1. Question 2. Treatment 3. Organization 4 Analysis 5 Summary
1. The question
The morning found that the single version of the system customer general feedback Flash, the architect looked at the Redis is full of the resulting. The login session information is placed in the Redis, the problem appears after full, the new login information can not write. Use is Aliyun Redis service, has done a renewal of the upgrade, one months after the entry into force, now directly to do the expansion too late, try a bit because the previous order already exists, upgrade failed. 2. Processing
Emergency processing, the first empty redis all data, then the monomer version of the system can be logged in, but found that some of the functions can not be used, only restored the system 80% of the available functions, the investigation of the discovery is due to a part of the page template also put the Redis, empty after the template has not Restart the template project, write to Redis, and restore the system. 3. Arranging
Since there is a serious problem of urgency, subsequent arrangements and summaries are necessary:
1, the development team to analyze the problem, the use of the situation to find out,
2, the above emergency processing process as a step, written to the wiki,
3, at the same time require the addition of redis use rate monitoring, SMS notification,
4. Analysis
Redis uses the master-slave configuration, 2G, the total capacity is small, but consider has been used only 100 m, so there is no immediate expansion, and then configured a one-month follow-up fee automatically added to 4G.
Starting 3 weeks ago, the use of Redis has soared. There was no problem because there was no warning.

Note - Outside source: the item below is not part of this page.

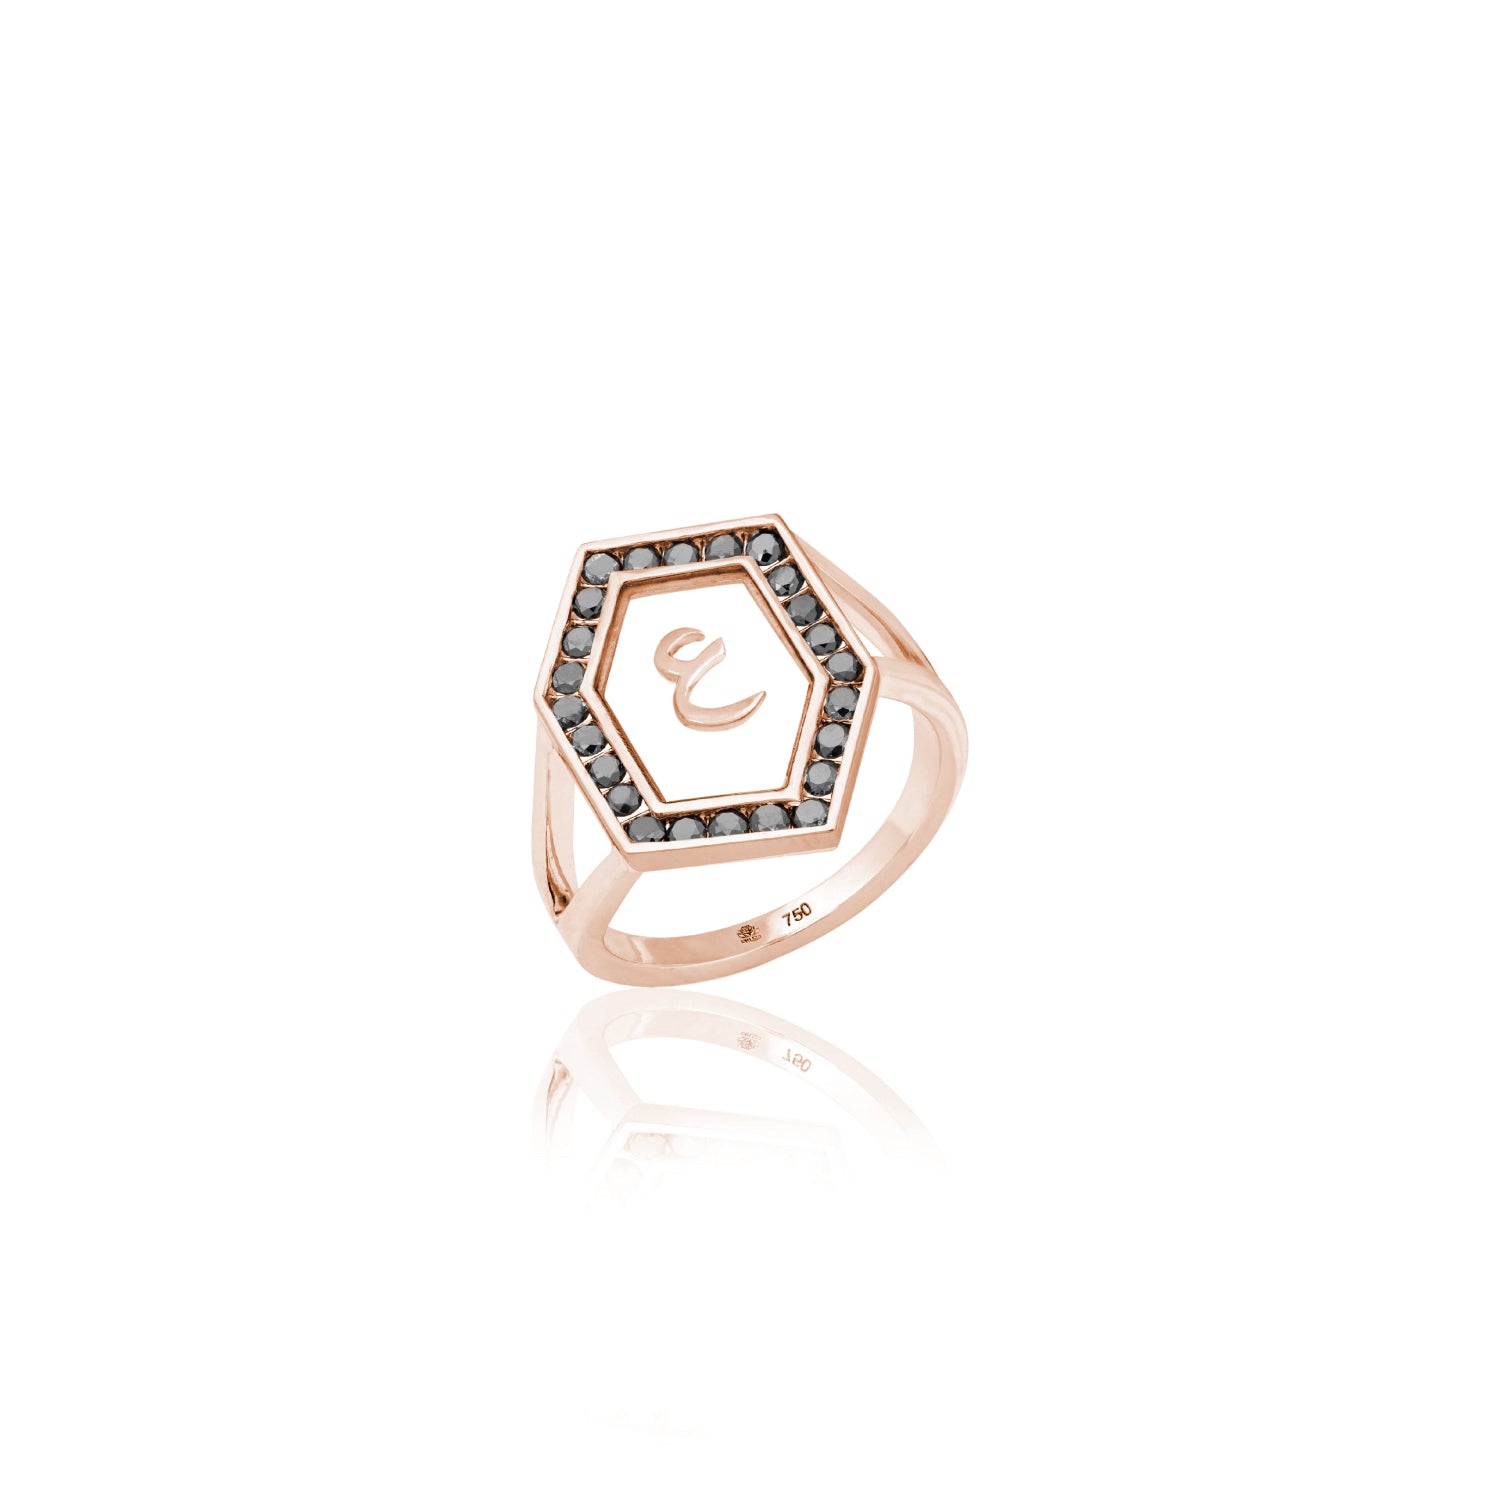 Qamoos 1.0 Letter ع Black Diamond Ring in Rose Gold

The monomer version and the chain edition share one redis,db0 for the monomer, the use quantity is not big, DB1 for the chain has 2.29 million keys (occupies 1.7G), causes the usage rate to be too high.

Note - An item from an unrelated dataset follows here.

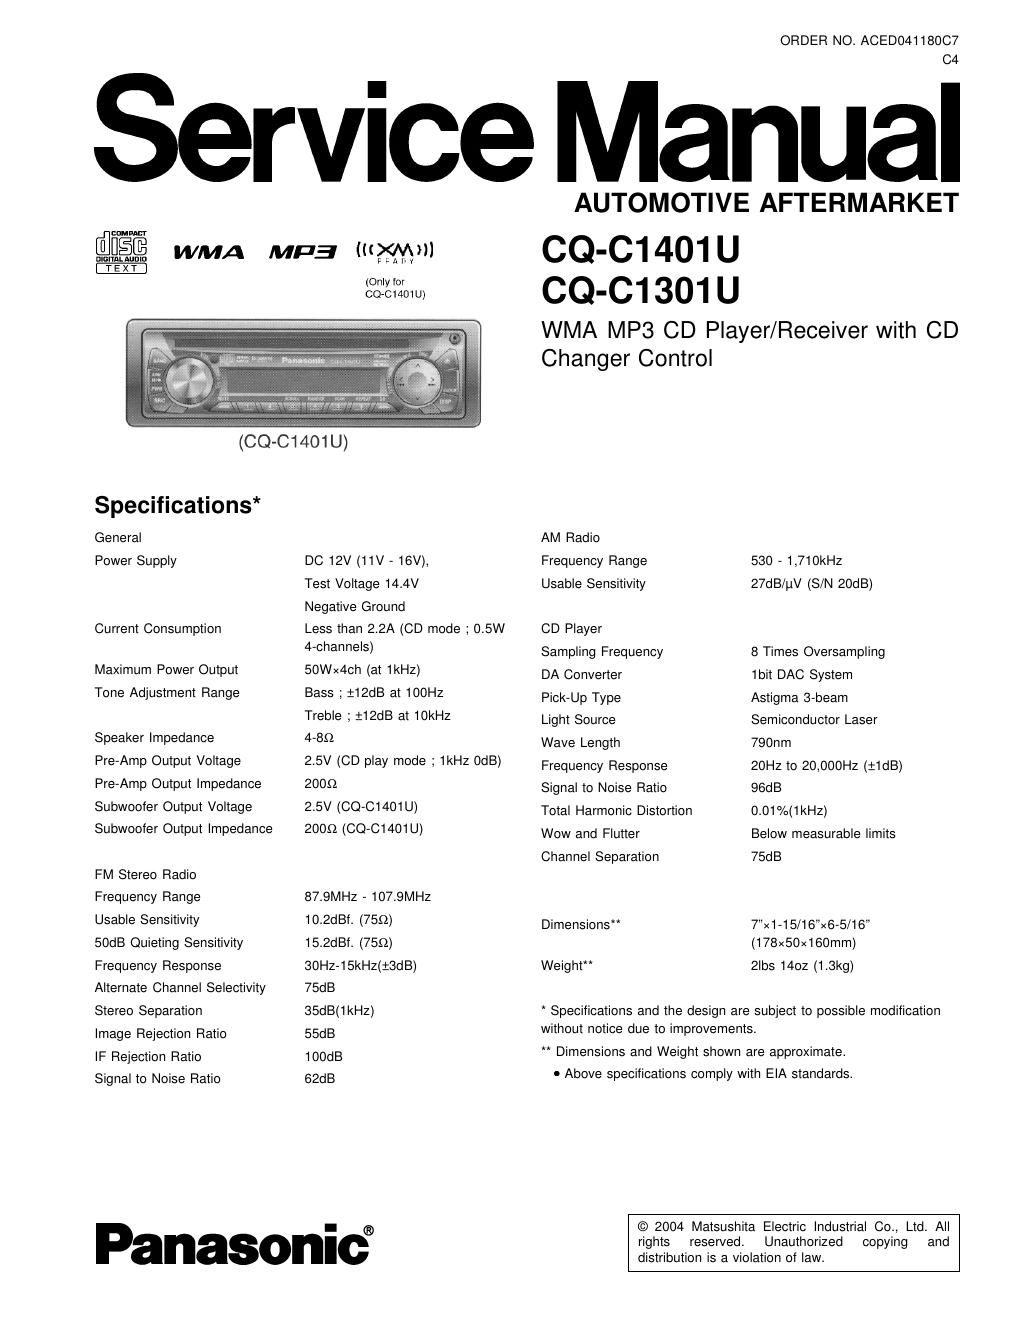 panasonic cq c 1401 u service manual

There are 3 kinds of data in Redis:
-Login session information, used to multiple machine session sharing, has expired time, monomer 1 days, chain 30 days,
-page template data, hundreds of, used to render the page, static data, but the period, occupy very small;
-Business code, the operating period of the temporary data, etc., this data has expired, but not a period of time (business completed after the deletion).
Each time the user explicitly logs on, a new session ID is created, which results in a new record in the Redis, so it is reasonable to set the expiration date in the monomer version. The user shuts down from work every day, the next day to go to work at least once system, must have at least one login (in fact, far more than, according to statistics users each log on average use of 18 minutes, active users may log 5-10 times a day). 5. Summary
According to the observation found that the basic daily log information of key growth of about 80,000, one months before the expiration of the resulting problem.
This shows that our use of caching lacks the necessary guidelines, capacity expectations, and monitoring tools.
1, monitoring warning: Set up to use more than 90% to do alert notifications, notify the architecture group and developers.
2, Design principles: In principle, the data on the Redis must have an expiration time, in addition to the static data (template, etc.), other data each add a no expiration time, will result in resource reduction, long time to say resources are not enough, so be sure to set the expiration time. One day is enough for the logon session information. For temporary data such as staging, 2-3 days is enough. A form, the customer input half, 2 days still do not deal with him, certainly not important to him, 3 days do not deal with the customers themselves have forgotten that the empty data on the customer impact is not small. If you have to save for a long time, consider the MongoDB or MySQL storage that can be landed.
3, Emergency strategy: the development of emergency management strategy, clear the chain of DB1 data operation steps.
4, capacity strategy: Every time on the line a need to use the cache resources function, need to estimate the use of capacity, good ahead of schedule expansion.
5, Isolation strategy: for different applications, different uses of the cached data, should use a different redis instances, to avoid interference between the system.
6, Expiration policy: Adjust the Redis exceeds the maximum memory expiration policy, from lru+ expiration time, to LRU, so that after full memory, will first discuss the recent use of cold data. So as not to affect the purpose of business.